Mary Boleyn: The Great and Infamous Whore by Alison Weir


  Nicholas Sander—no reliable source, and no partisan of the Boleyns—embellished this story in 1585, stating that, after discovering that fifteen-year-old Anne had had affairs with his butler and his chaplain, her father sent her to France, where she was “placed, at the expense of the King [Henry VIII] under the care of a certain nobleman not far from Brie.” This place name has been variously given by Sander’s translators as Brière, Briare, or Brie. The only place called Brière lies in the vast lush, marshy area north of the Loire estuary in Brittany, much of which was forest and only navigable by boat. Paul Friedmann thought that Brière should read Briare, a town situated 240 miles south of Paris, but this sounds improbable, while there is a link between the Boleyns and a town called Brie.

  Adam Blackwood, writing in 1587, states that the French nobleman with whom Anne supposedly stayed was a friend of her father’s. According to Sander, “soon afterward, she [Anne] appeared at the French court, where she was called the English mare, because of her shameless behavior, and then the royal mule, when she became acquainted with the King of France.” It is easy to see where Sander got some of his information.

  Clearly both accounts, Rastell’s and Sander’s, are flawed, since Anne was probably fifteen in 1516, when, according to most reliable sources, she was in the service of Queen Claude. (Even if one accepts her date of birth as 1507, making her fifteen in 1522, the tale does not fit, because that year saw her returning to England from France.) Sander says that Anne was sent to Brie to be placed in the care of that certain nobleman before she went to the court of France; there is, indeed, a gap of four months in which her whereabouts cannot be accounted for, but she went to the French court from Brussels, not Hever. After she arrived there, she served in turn Mary Tudor, Queen Claude, and Marguerite of Valois, before returning to England. Thus we know what she was doing during those seven years.

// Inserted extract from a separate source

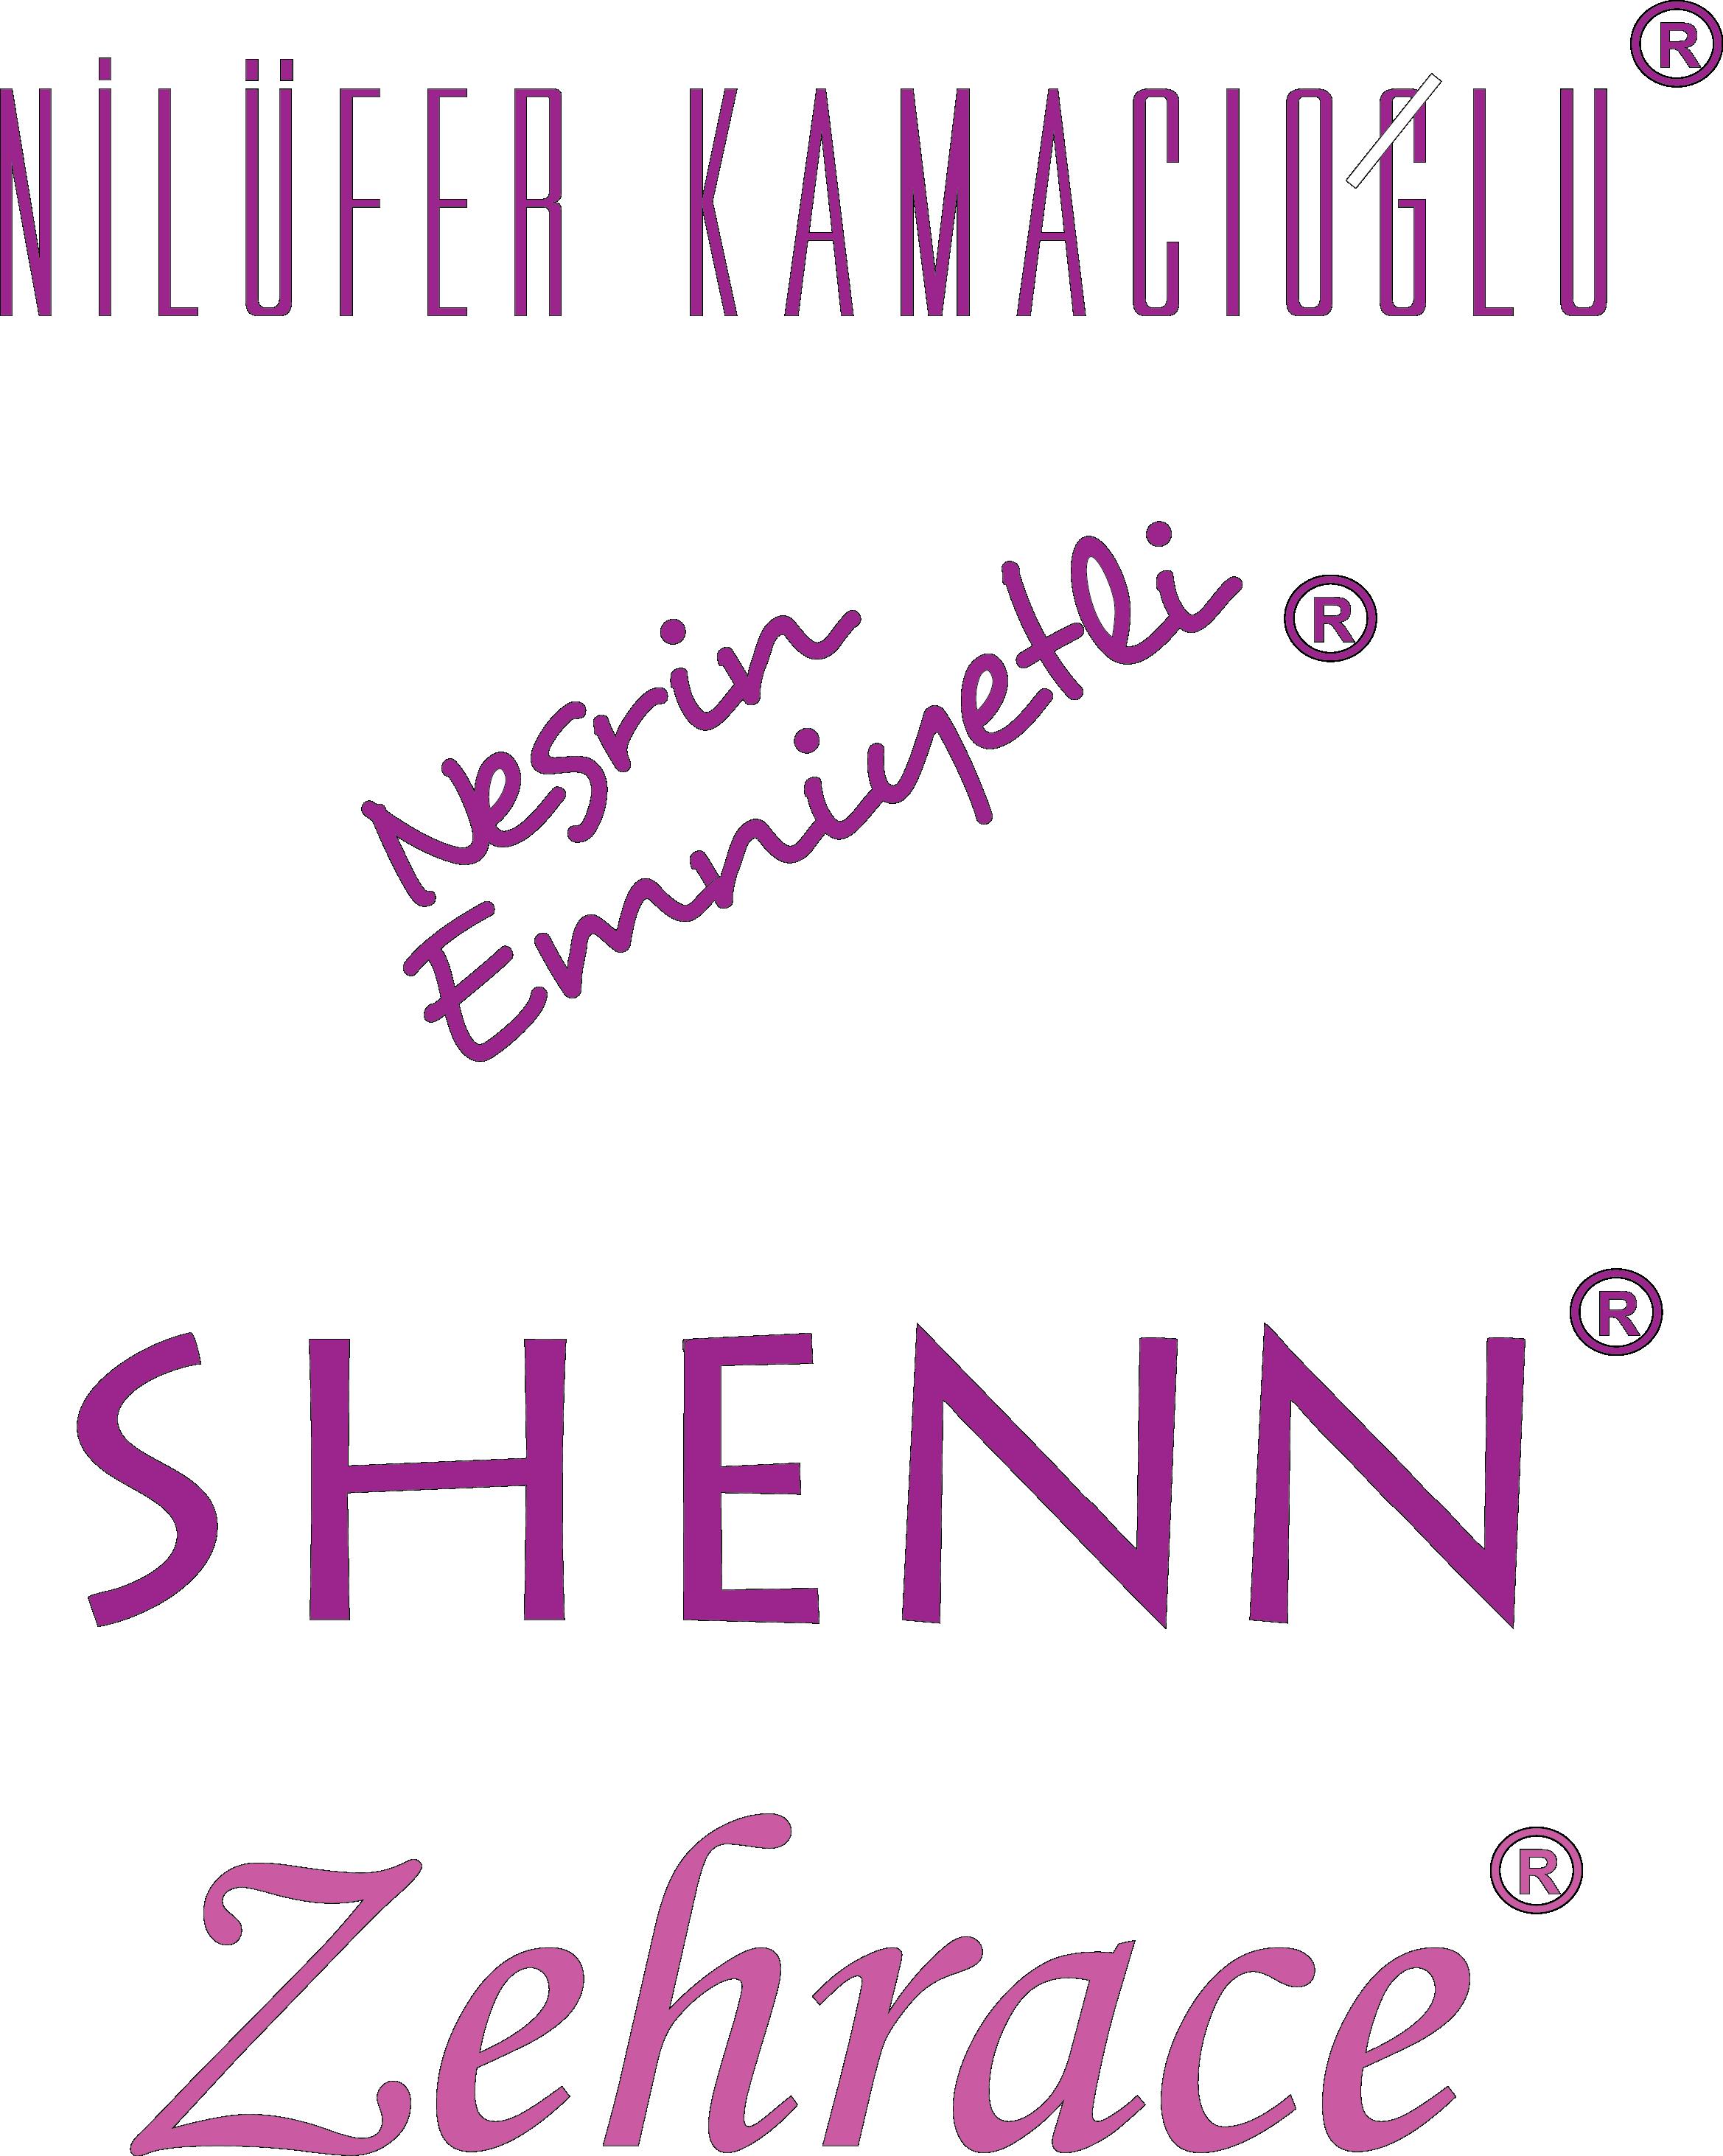 Shenn 2016

  Furthermore, if Anne Boleyn, who became Queen of England and notorious in Catholic Europe, had acquired a licentious reputation in France, we would certainly know about that too. That she did not is made clear by the fact that neither François I nor anyone else sought to make political capital out of it, when it might have been to their advantage to do so. If Anne had been so promiscuous, it would have been mentioned by her enemies in the years when Henry VIII was trying to divorce Katherine of Aragon in order to marry her. So Rastell’s account, on which Sander drew, appears to have been an invention aimed at discrediting Anne,102 with the reference to a mule probably being made with hindsight. It is hardly possible, after forty years, that there was any gossip about Mary Boleyn and François I that he could have heard, which he might have mistakenly thought related to Anne. Knowing that Anne had been at the French court, he may well have concluded, like Brantôme, that no woman left that court chaste—and embellished this with a few salacious details.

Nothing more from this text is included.